Chaeyoung yawns as she steps out of her apartment building. The sun was nice enough filtering through her ninth-floor window, but she much preferred basking in it on her carpeted floor instead of while threading through throngs of Seoul foot traffic on her way to the nearest convenience store.

She grumbles when someone steps on her foot, but at least her combat boots absorb most of the shock. She makes it to the first intersection, waiting until the crossing light turns green. It does, and she steps off the curb -- 

A body rams into her. They crash to the sidewalk; the crowd lazily parts around them, the rest of the front runners beginning to filter into the street before the crossing light timer finishes counting down.

“Hi, sorry about that,” the woman on top of Chaeyoung says. Chaeyoung is too busy thinking about all the gravel that must be stuck to the back of her coat, but she does look up to meet the woman’s eyes.

The woman smiles, and Chaeyoung blinks, because it looks almost _professional_ to her. Which doesn’t make sense, since no one’s job should be tackling random people to the sidewalk. “Uh, hi.”

A truck barrels through the intersection. Luckily, the pedestrians manage to jump back in time, and the cars moving in the opposite direction swerve to the side to miss it. Angry honks fill the air after the truck shoots past.

“Holy shit,” Chaeyoung breathes. She’d craned her neck up to see, but now she lets her head fall gently back onto the concrete.

“Yeah, it’s that,” the woman agrees. “Are you okay?”

“I guess --” Chaeyoung blinks when she no longer feels a presence hovering above her.
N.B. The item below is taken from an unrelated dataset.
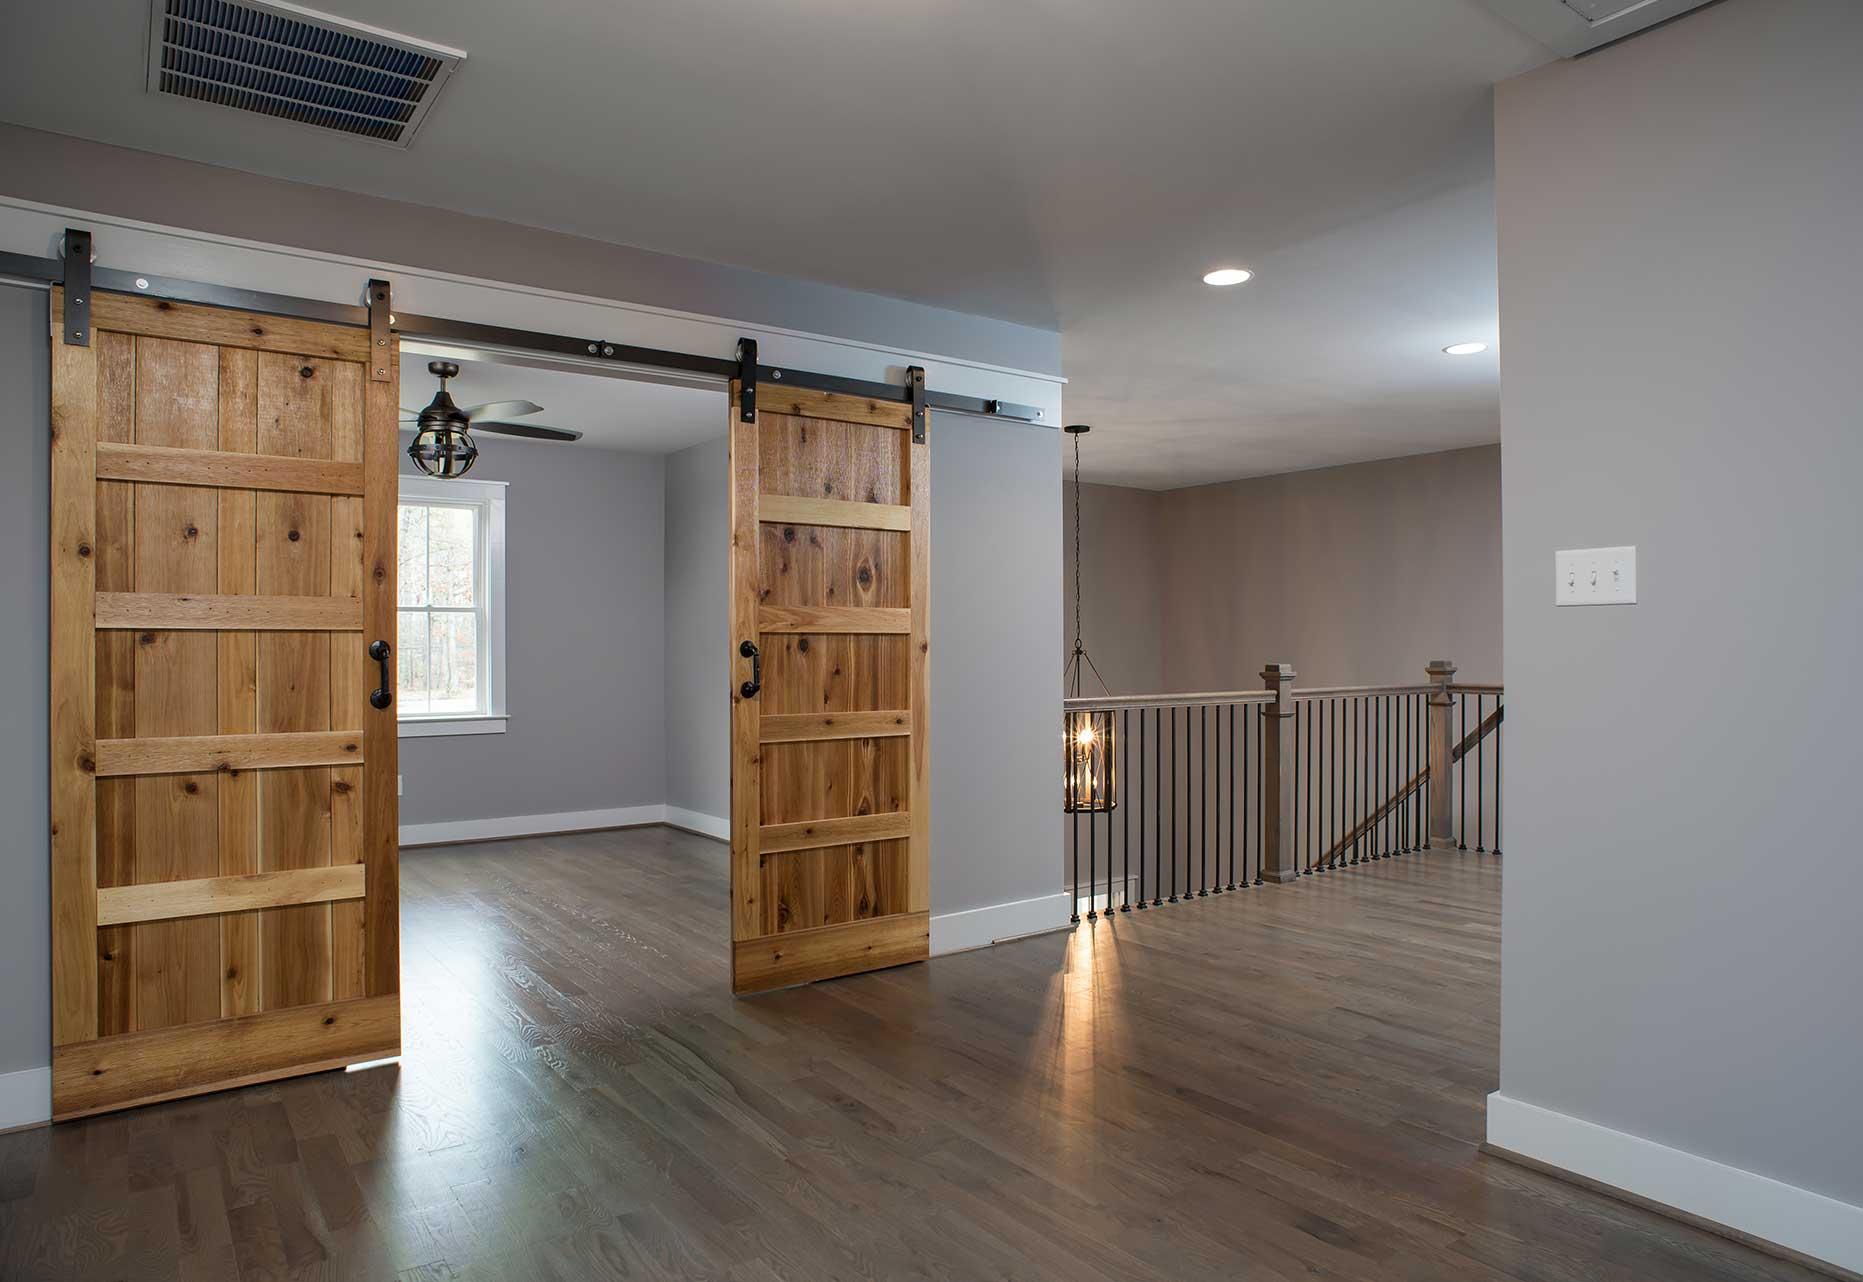 interior va richmond project nexsen care sitter clark veterans barfoot designers center

The rest of the crowd has already vacated the curb, and the woman is lost among a dozen other bobbing heads making their way to the other side of the street. “Okay, rude,” Chaeyoung grumbles as she shifts onto her elbows. 
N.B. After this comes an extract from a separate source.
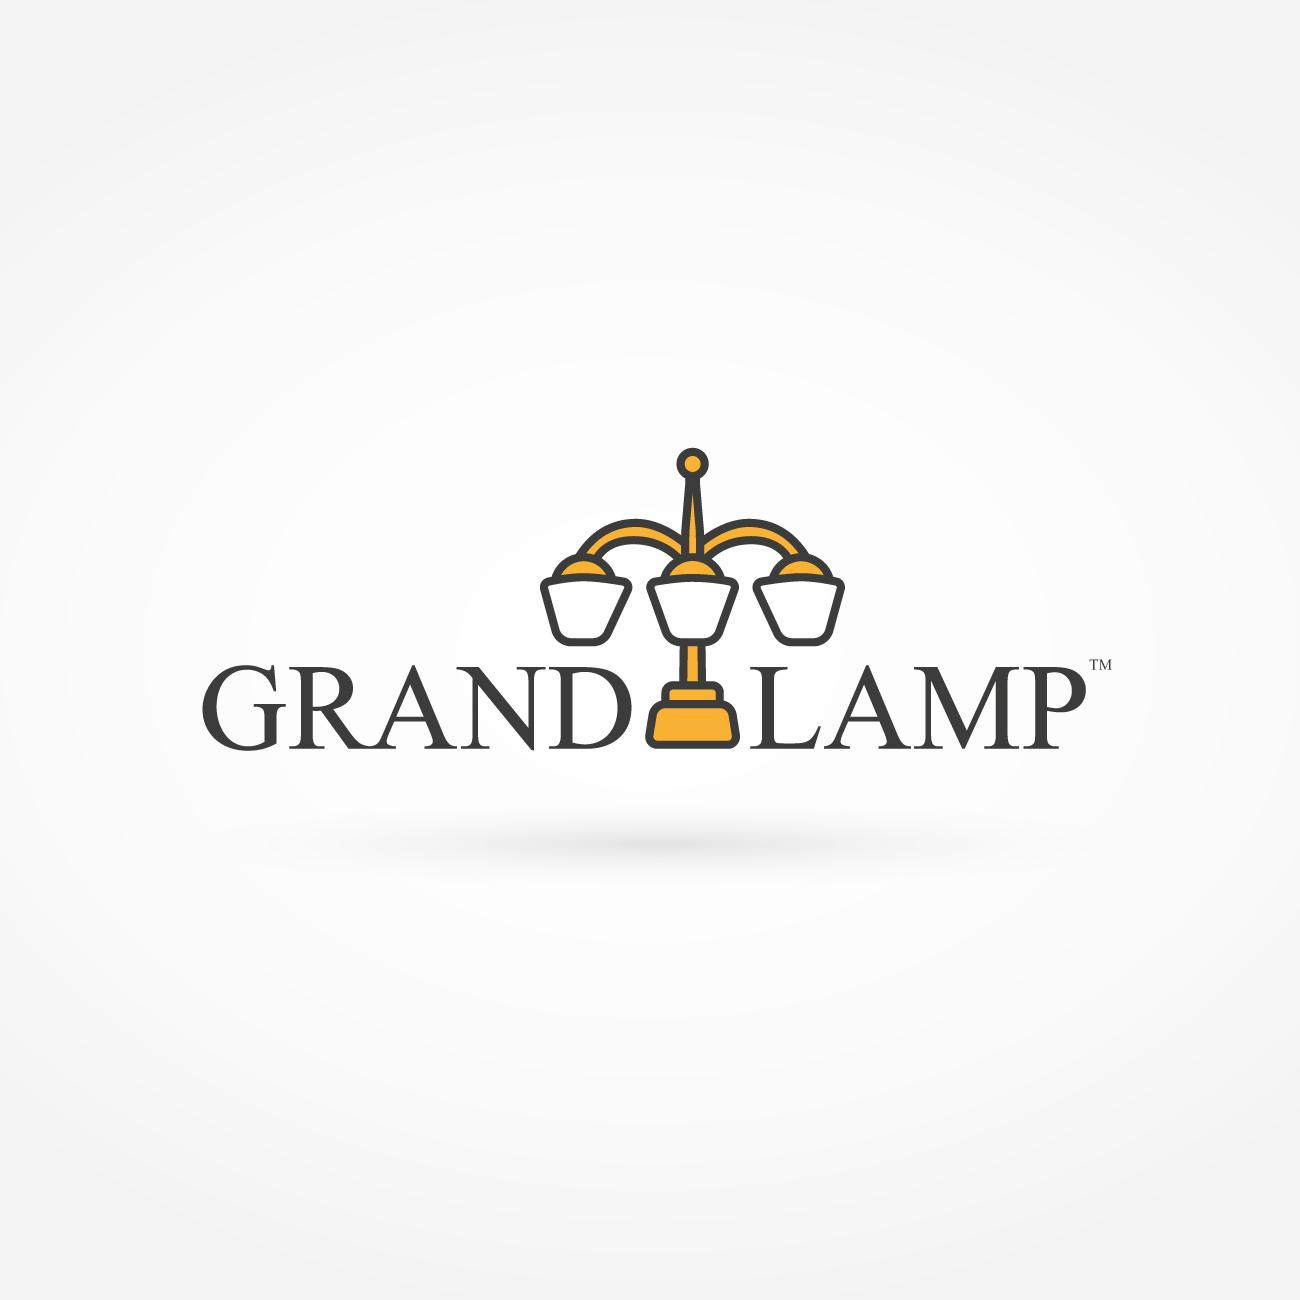 Разработка логотипа и элементов фирменного стиля фото f_58957ec4d5f80851.jpg

“Hey, do you need some help?”

Somehow, a woman _even prettier_ than the one before is standing above her now. Actually, she’s technically standing behind Chaeyoung, so Chaeyoung has to tilt her head back to meet the other’s eyes. 

Chaeyoung instantly feels her cheeks redden. “Um, yeah, sure, I guess.”
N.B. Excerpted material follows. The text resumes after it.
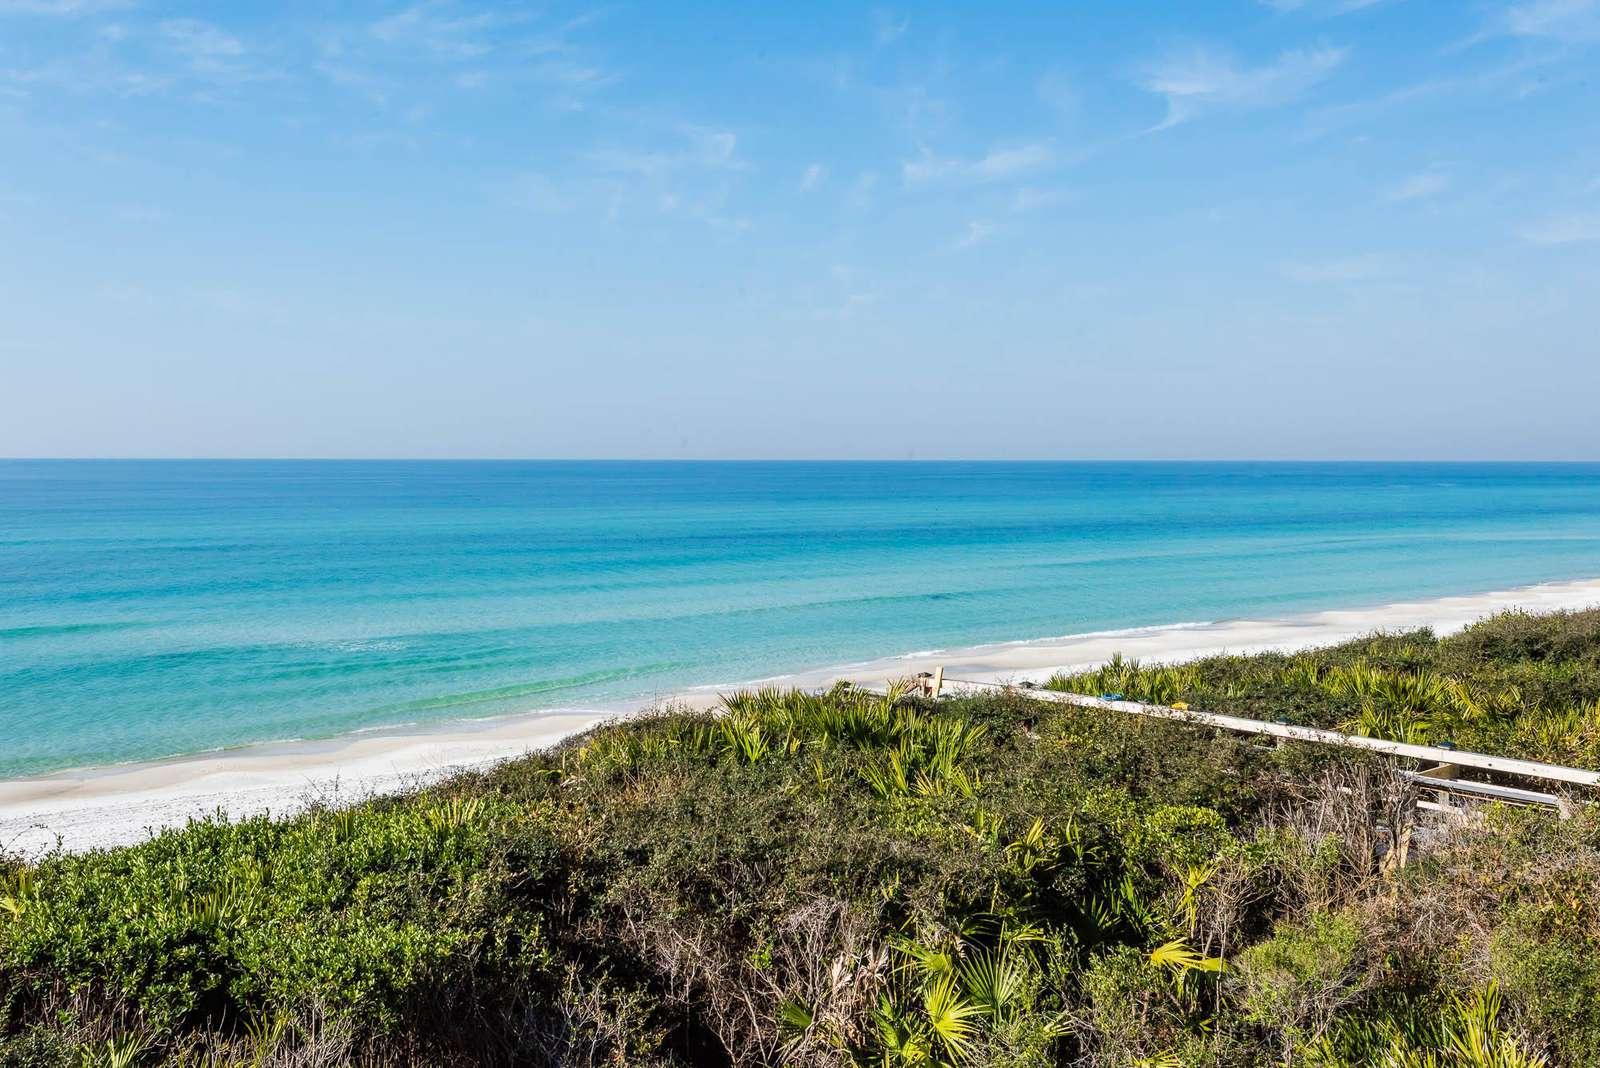 Seacrest Private Beach Access

The woman walks around, and now that her face is no longer upside down, Chaeyoung feels her blush spread all the way to her neck. The woman smiles. “Here.”

Chaeyoung takes the hand and lets herself be pulled up. “Thanks.” She clears her throat, returning her hands to her coat pockets now that she’s standing. “That was some truck, huh?”

The woman giggles. “Yeah, definitely. I’m glad no one got hurt.”

The weight of it all hits Chaeyoung then. “I...I guess it’s good that I fell. Otherwise I would’ve been in that intersection for sure.”

“So it’s a good thing that that woman tackled you?” The woman tilts her head.

Chaeyoung laughs. “Yeah, seems that way. She didn’t even help me get up, though, so I’d say that puts her karma at about even for the day.”

“Well, _I_ helped you up.” The woman grins. “Do I get something for my good karma?”

Chaeyoung manages to hold back most of her choking. “Oh, uh. Uh, sure. I could buy you a coffee?”

“Coffee would be great.” The woman smiles. “I’m Sana.”

“Chaeyoung.” Chaeyoung grins, still a little flustered. But finds herself hoping that if they hold hands again later, her palms won’t be as sweaty or specked with gravel.